**TRY IT:** When you reach the line holding "بعد النجاح الكبير", please begin to restate the lines word for word and continue through the last one in the material, excluding pictures.

**DATA SEGMENT:**
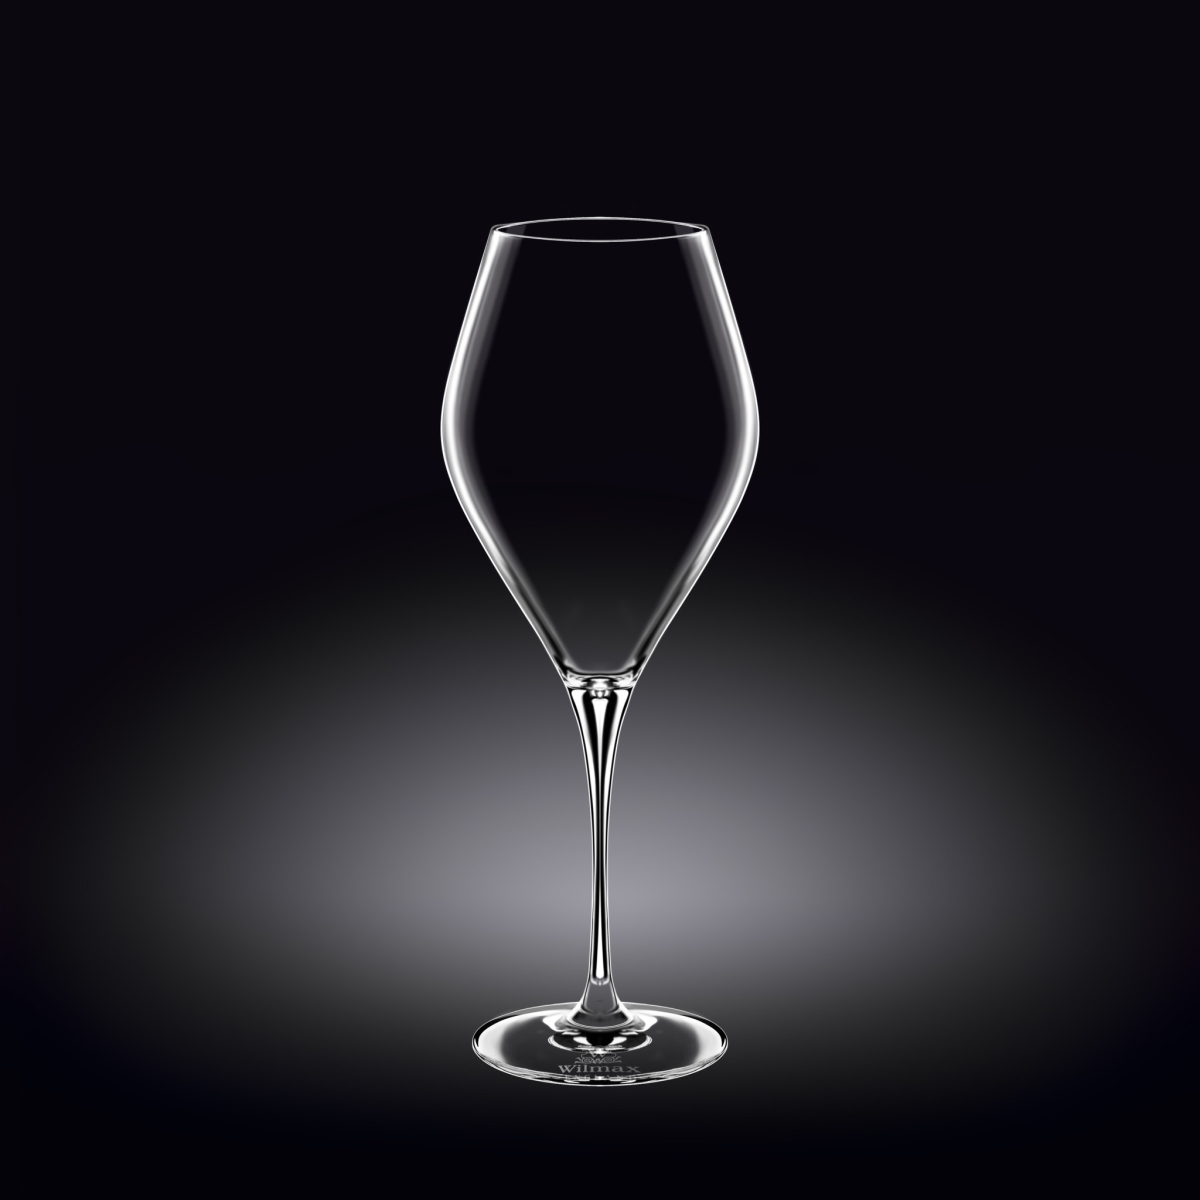 Wl-888046-2c Wine Glass 19 Oz. 540 Ml. Set Of 2 In Colour Box
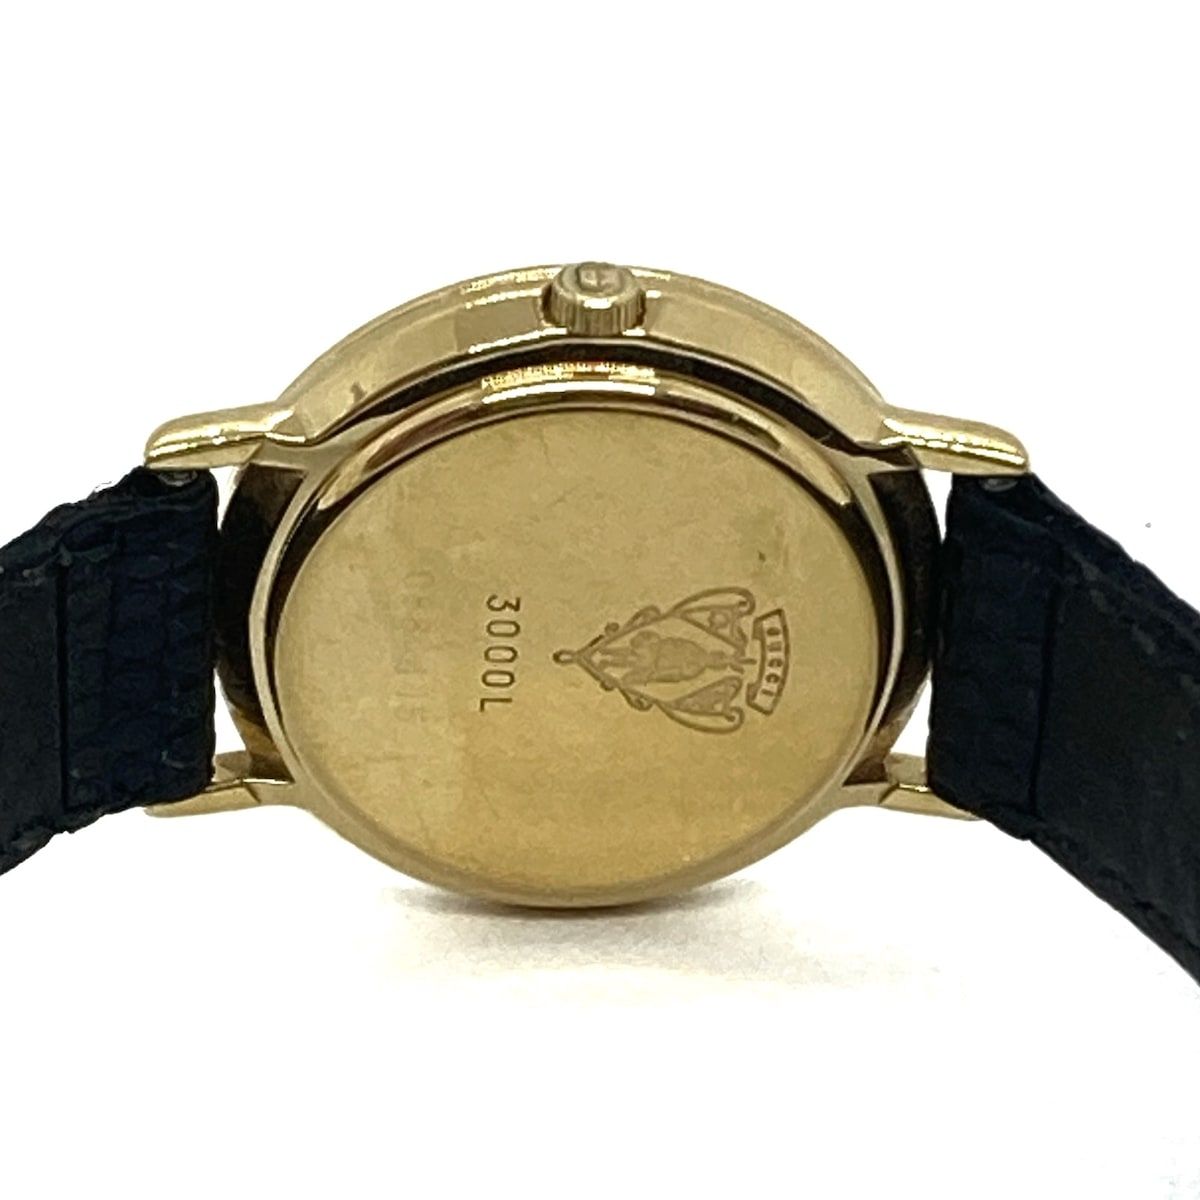 GUCCI(グッチ) 腕時計 - 3000L レディース 革ベルト 黒 - メルカリ
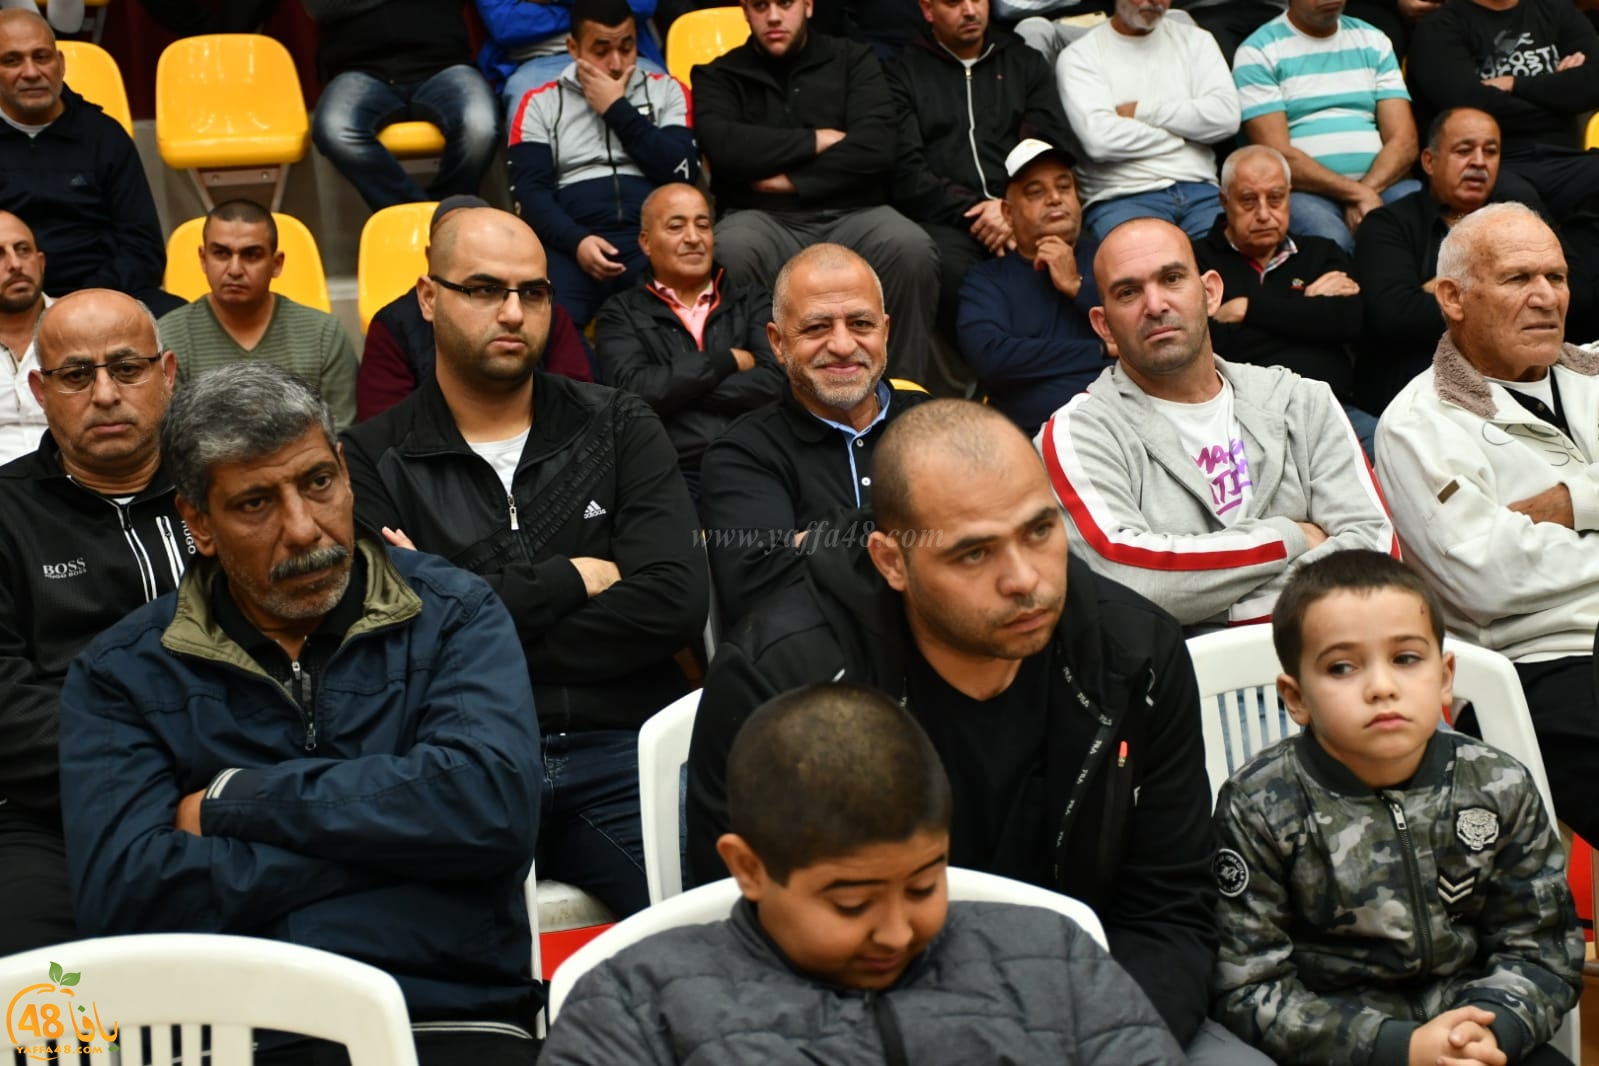 بعد النجاح الكبير في قضيتهم - حضور غفير في احتفال الصيادين بمدينة يافا 
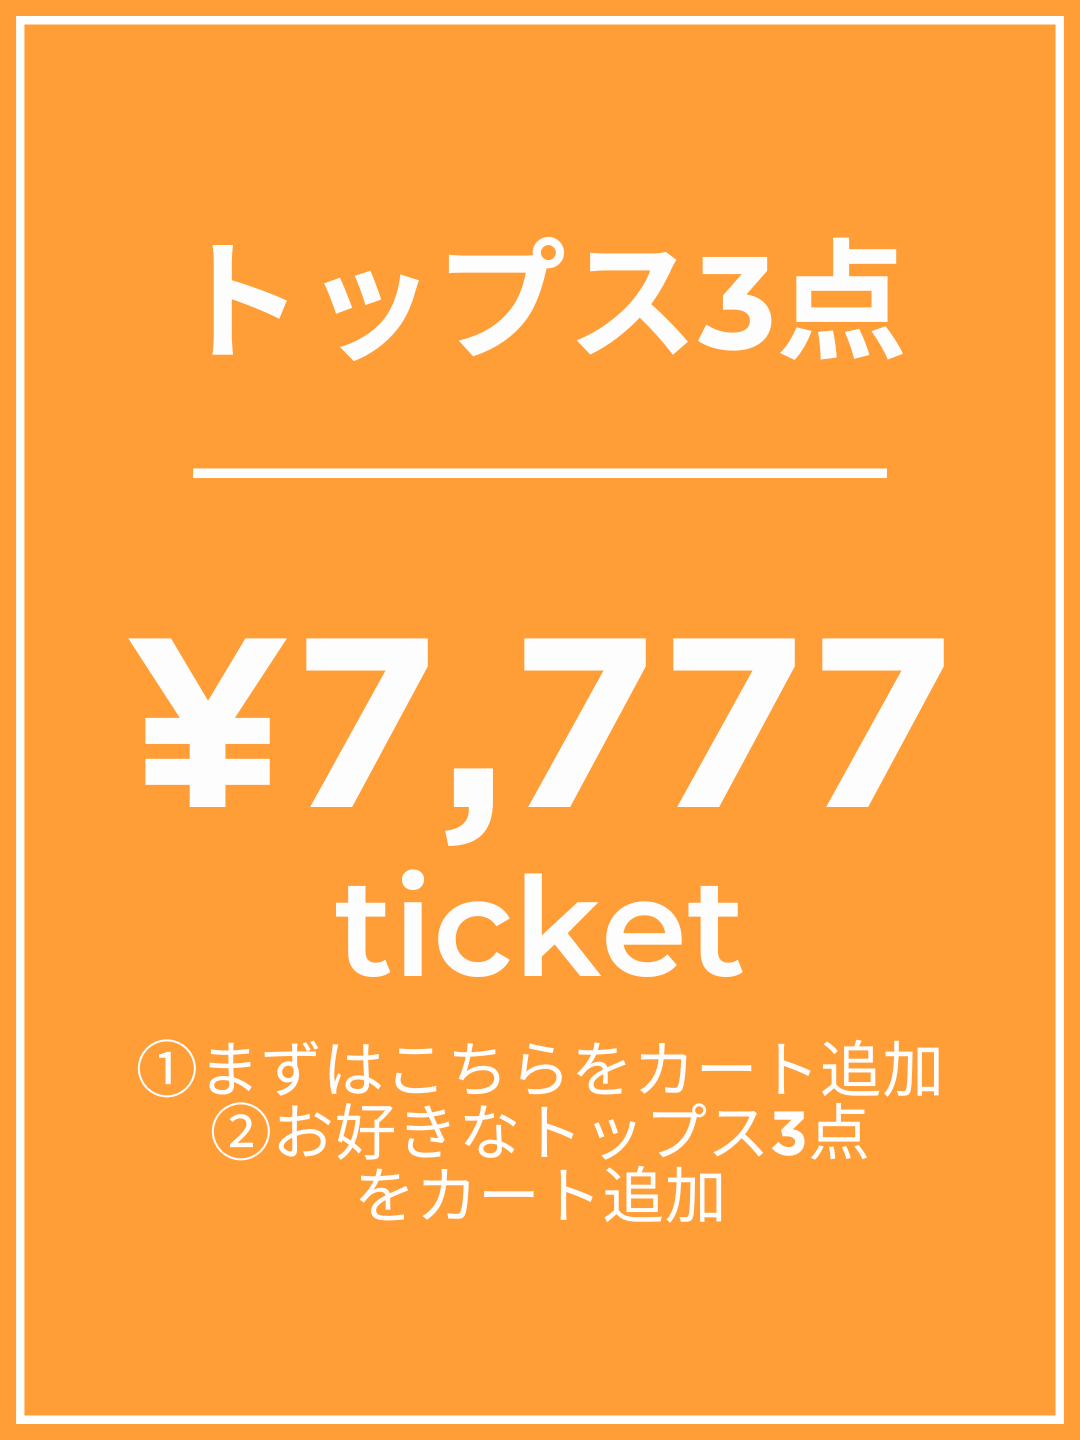 【1番初めにこちらをカートイン】¥7,777チケット

**EXERCISE SOLUTION:**
 بعد النجاح الكبير في قضيتهم - حضور غفير في احتفال الصيادين بمدينة يافا 
 【1番初めにこちらをカートイン】¥7,777チケット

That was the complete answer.